Des chercheurs montréalais ont découvert une prédisposition génétique, relativement fréquente au sein de la population, qui permettrait de retarder – sur une période pouvant atteindre quatre ans – le déclenchement de la forme la plus commune de la maladie d'Alzheimer.

Grâce à leurs travaux, les chercheurs croient qu'ils pourraient reproduire la protection génétique observée et ainsi parvenir à retarder le déclenchement de la maladie.

La découverte de l'équipe de chercheurs de l'Institut universitaire en santé mentale Douglas et de l'Université McGill, menée par le docteur Judes Poirier, améliore la compréhension de la neurobiologie de la maladie d'Alzheimer.

« Nous avons découvert que des variantes génétiques spécifiques dans un gène appelé HMG CoA réductase, qui règle normalement la production et la mobilisation du cholestérol dans le cerveau, pouvaient modifier le processus et retarder de près de quatre ans le déclenchement de la maladie d'Alzheimer », a déclaré le docteur Poirier dans un communiqué. « Cela constitue une percée remarquable dans un domaine où les recherches ont rarement été couronnées de succès ces dernières années. »

De plus, la découverte ouvre de nouvelles pistes thérapeutiques. Les scientifiques croient pouvoir profiter de cette percée pour développer de nouveaux traitements utilisant cette prédisposition génétique.

« Ces derniers résultats génétiques obtenus par l'équipe du Dr Poirier représentent un pas important dans la compréhension de la neurobiologie de la maladie d'Alzheimer, et aussi dans l'utilisation de la génétique pour découvrir une nouvelle cible moléculaire qui réponde aux nouveaux traitements développés », a ajouté la directrice scientifique du Centre de recherche de l'Institut universitaire en santé mentale Douglas, la professeure Brigitte Kieffer.
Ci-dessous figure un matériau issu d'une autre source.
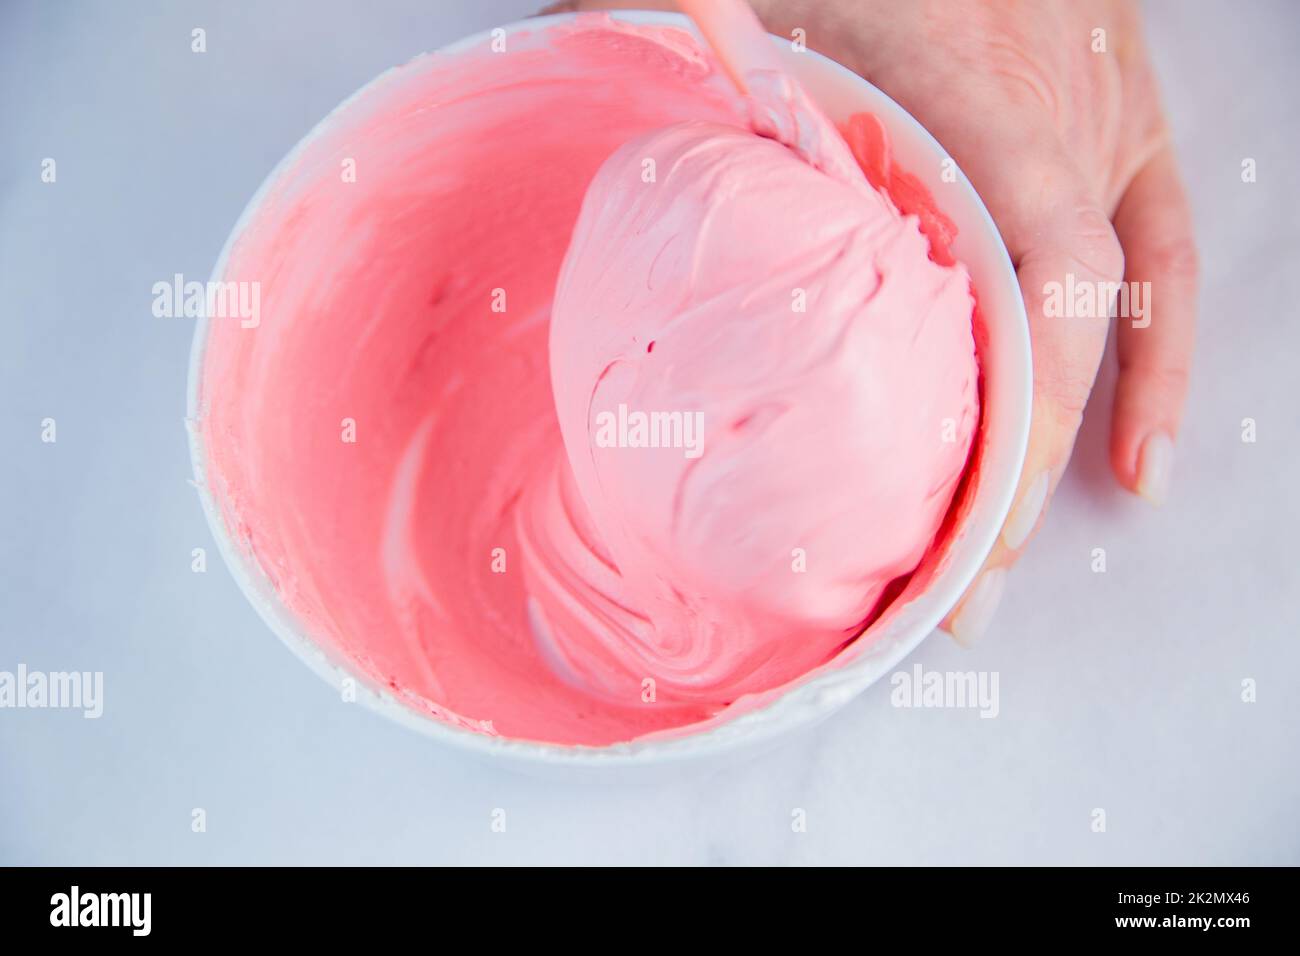 Pink confectionary meringue marengo is mixed in a white bowl on a white marble background by the hands of a pastry chef Stock Photo

Les recherches des deux dernières décennies sur la maladie d'Alzheimer se sont surtout concentrées sur l'identification de facteurs génétiques et environnementaux pouvant causer ou accélérer la progression des formes les plus communes de la maladie. Les recherches de l'équipe de M. Poirier ont pris le problème dans le sens inverse, s'affairant plutôt à identifier des facteurs génétiques susceptibles de retarder le déclenchement de la maladie.

Les résultats de la recherche ont été dévoilés en marge de la conférence internationale de l'Association Alzheimer qui se déroule à Copenhague, au Danemark.